Gov. David Ige’s frequent emergency decrees on COVID-19 would go down easier if he’d show more willingness to adjust when reasonable concerns are raised or alternatives offered.
Instead, he and his administrators reflexively dig in and refuse to budge.
Two recent examples were the Health Department’s persistence in using age as a factor in rationing emergency health care and Ige’s refusal to relax the no-spectators rule for University of Hawaii sports.
The age issue emerged when it was included in crisis care standards Ige cited in his Sept. 1 executive order giving health care facilities immunity from lawsuits for triage decisions they make if overrun by more patients than they can handle.
Basically, it says if other considerations are equal, age can be used as a tiebreaker for deciding who gets care — based on data showing that COVID-19 patients over 65 have poorer prognoses.
Advocates for seniors pointed to likely violation of federal age discrimination laws, which Ige has no power to override.
It stuck in the craw of many that seniors, the most diligent about getting vaccinated and wearing masks, could take a back seat in the emergency room to younger unvaccinated patients whose refusal to protect themselves or others is driving much of the latest COVID-19 surge.
In a classic passive-aggressive move, Health Director Dr. Elizabeth Char went ahead and posted the rules despite the objections, while disavowing any role in writing the standards drafted by community medical practitioners.
On UH sports, Ige held fast on keeping Warriors football the only major program in the country to ban fans at home games, rejecting pleas from parents of players for a limited exception.

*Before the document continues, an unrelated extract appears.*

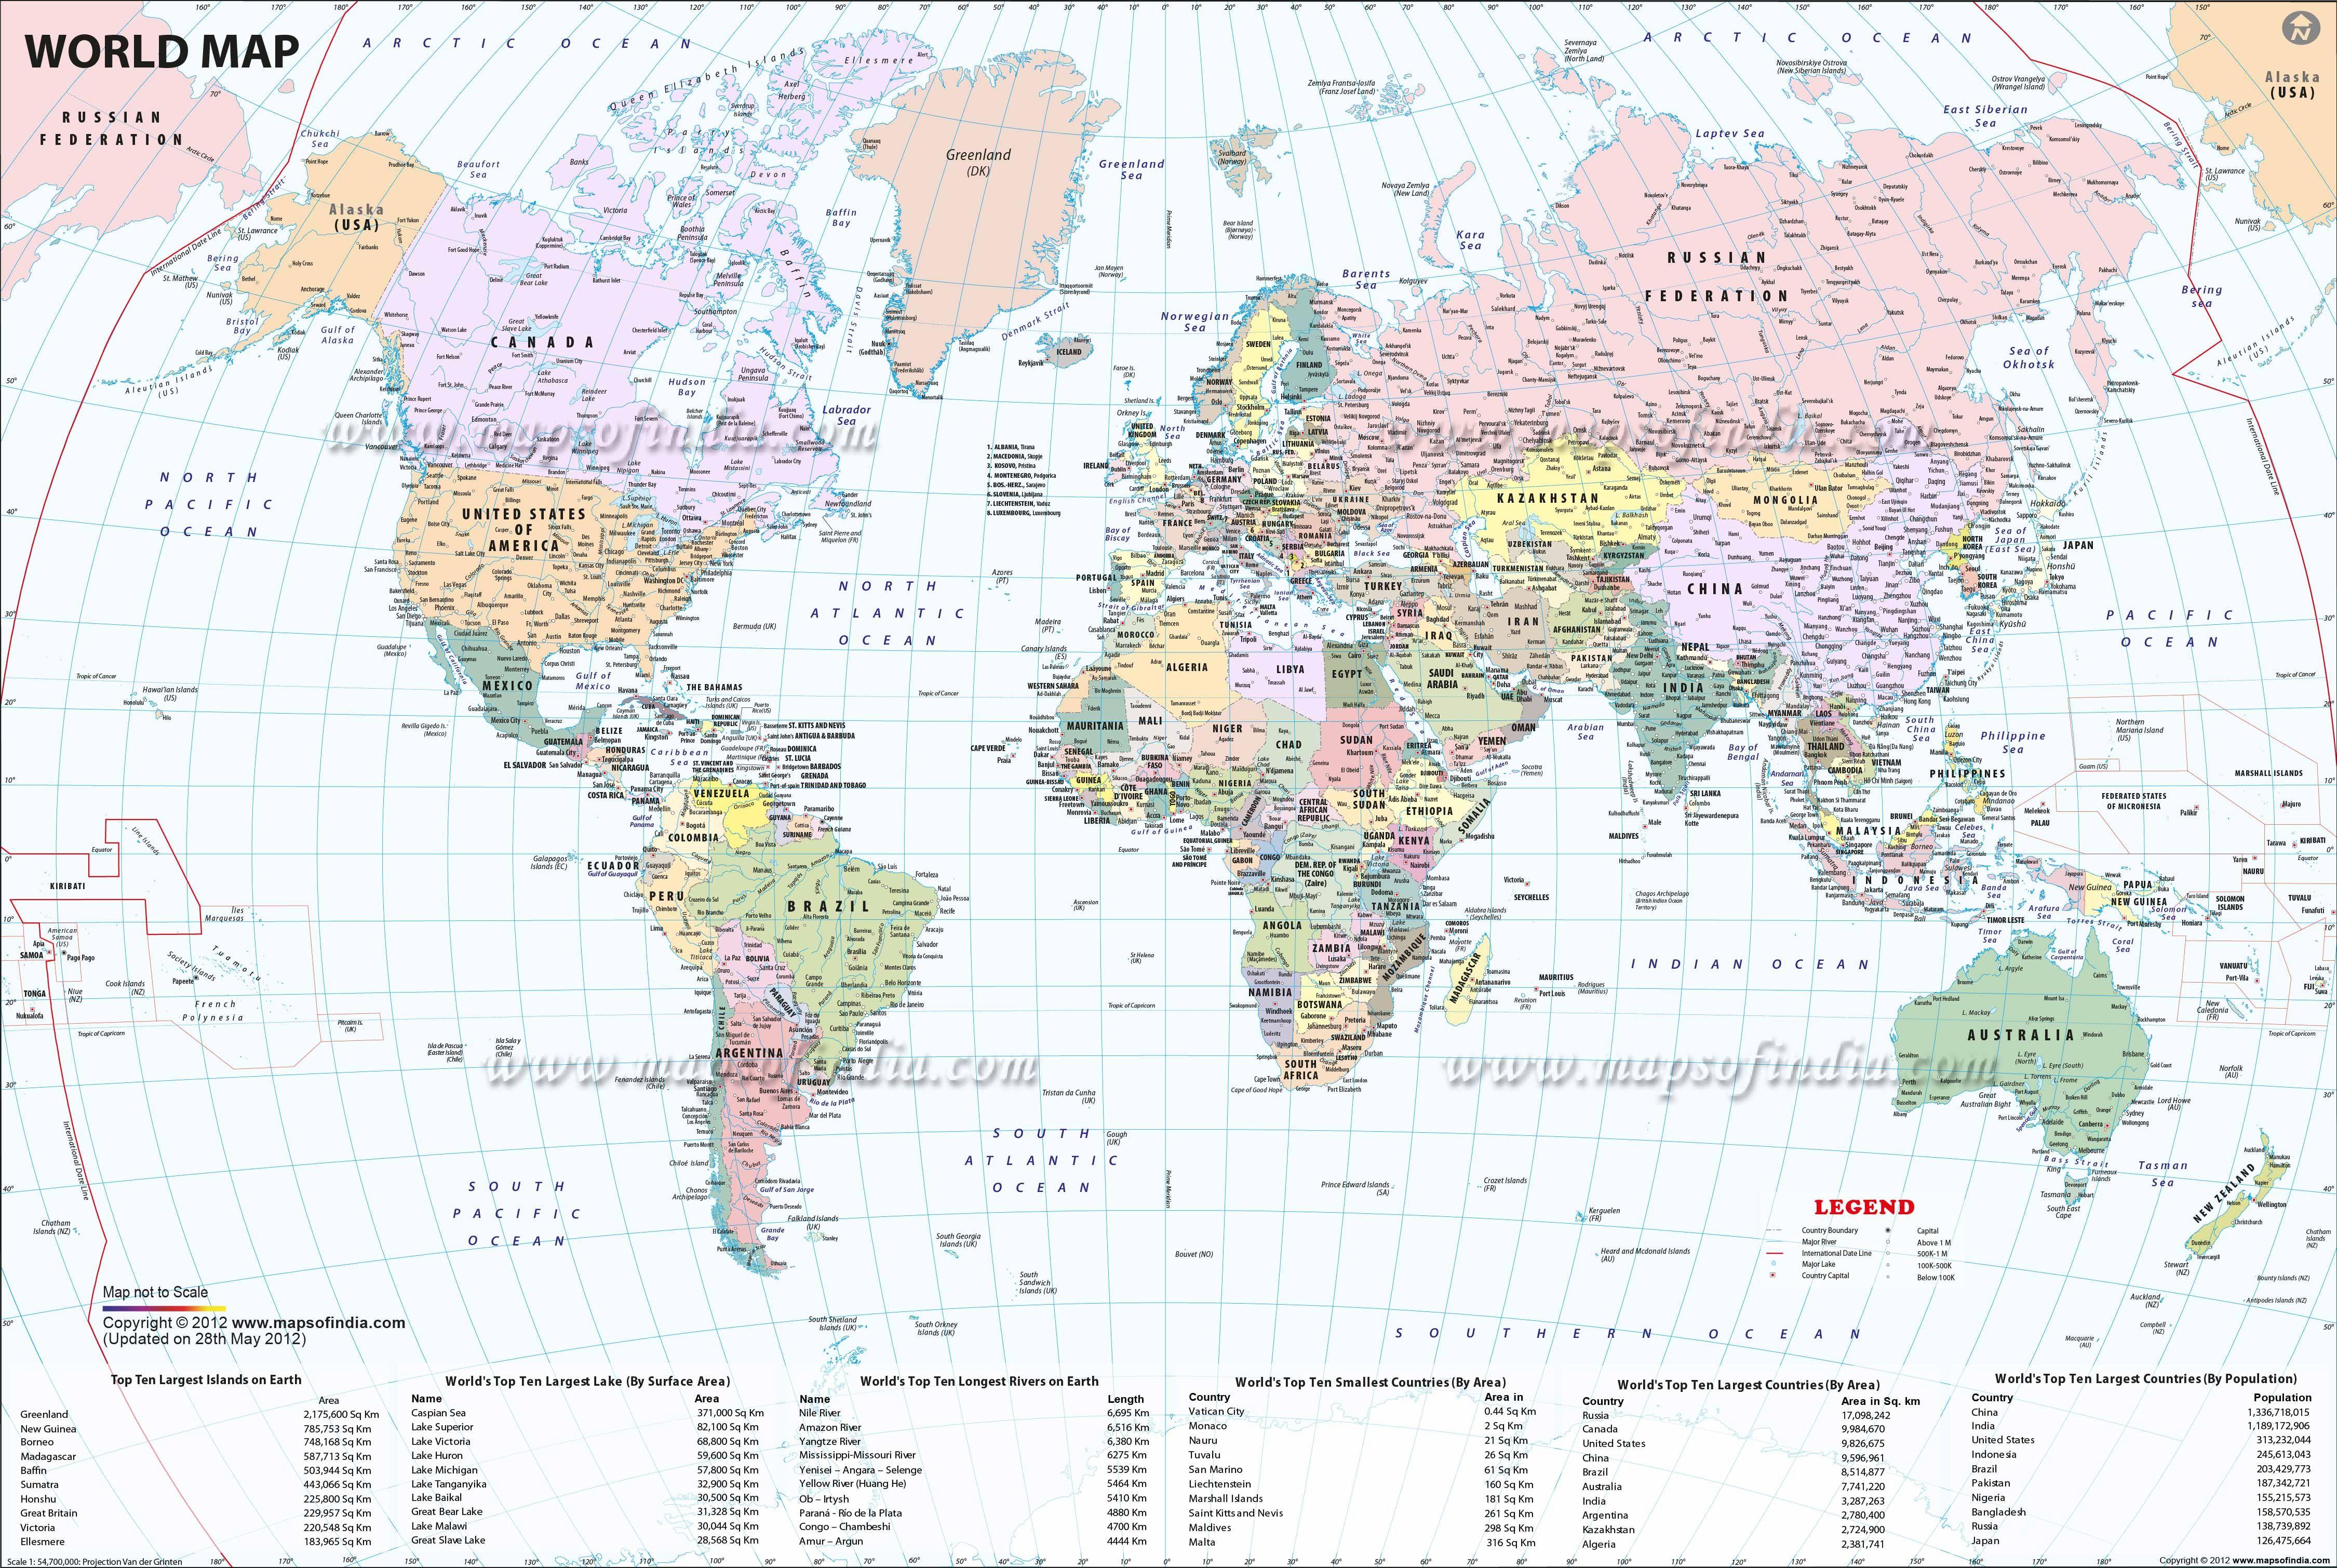 Educational sources world map education tls and aids pinterest educational sources world map gumiabroncs Images

The governor is right that we don’t want scenes like at some mainland universities of football stadiums packed to capacity with unmasked fans.

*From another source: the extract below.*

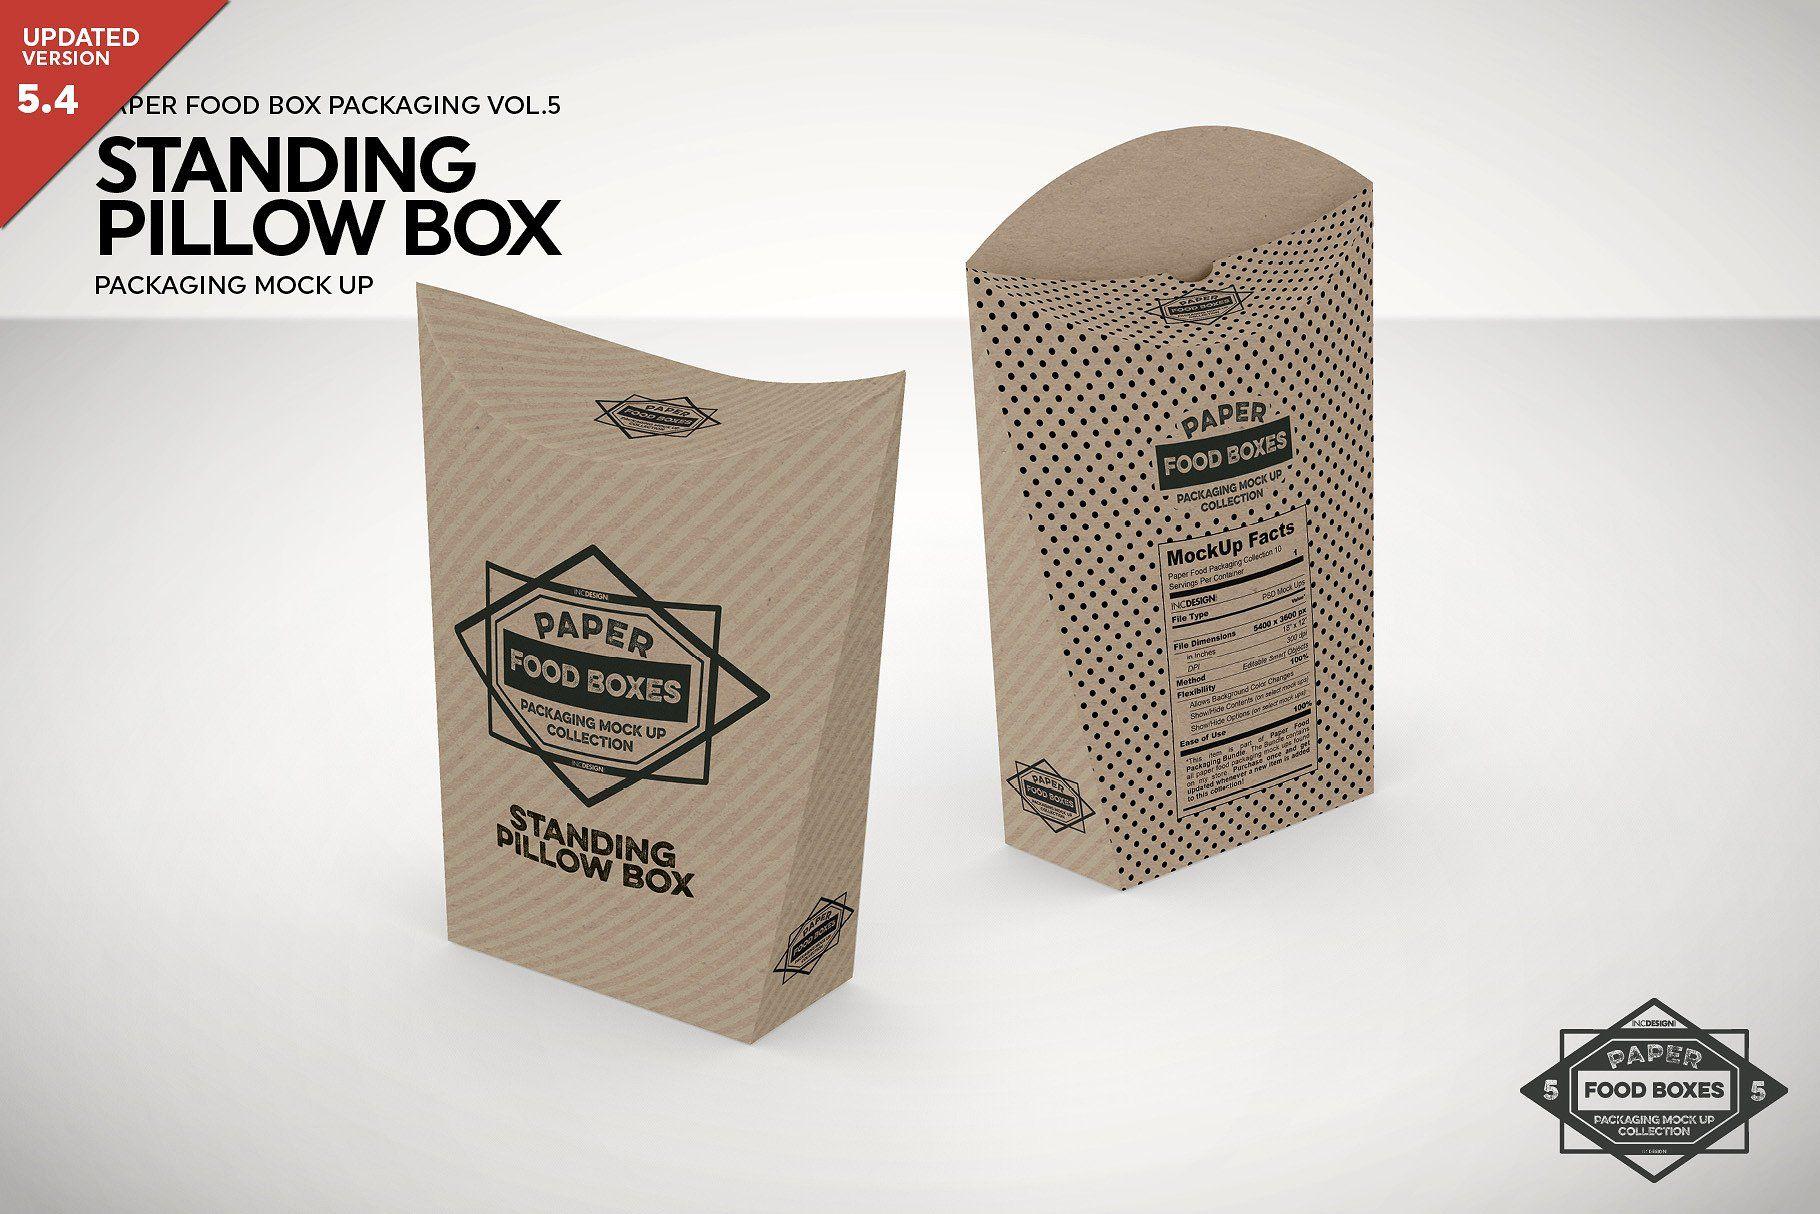 Standing Pillow Box Packaging Mockup Packaging Mockup Pillow Box Free Packaging Mockup

But the UH parents didn’t ask for that. They proposed 500 family and friends of players, or even fewer, be allowed to attend this weekend’s game against San Jose State at the 9,000-seat Clarence T.C. Ching Athletic Complex — all vaccinated, masked and socially distanced according to rules for outdoor gatherings.
It was a well-reasoned plan that made it highly unlikely the game would turn into a super-spreader event. But Ige wouldn’t bend, offering only a hollow hope that “we will be in a better place before the end of the football season.”
He also refused a similar request by UH to allow a relative handful of vaccinated and masked fans at Rainbow Wahine volleyball and soccer matches.
Thoughtful executive emergency orders are the only way to effectively deal with a fluid public health crisis like COVID-19, which changes so fast there’s often little time for debating and legislating.
But while it’s fair to crack down on those who won’t cooperate in protecting themselves or the community, Ige loses credence when he refuses reasonable rewards for those who follow the rules and do their part to curb the virus.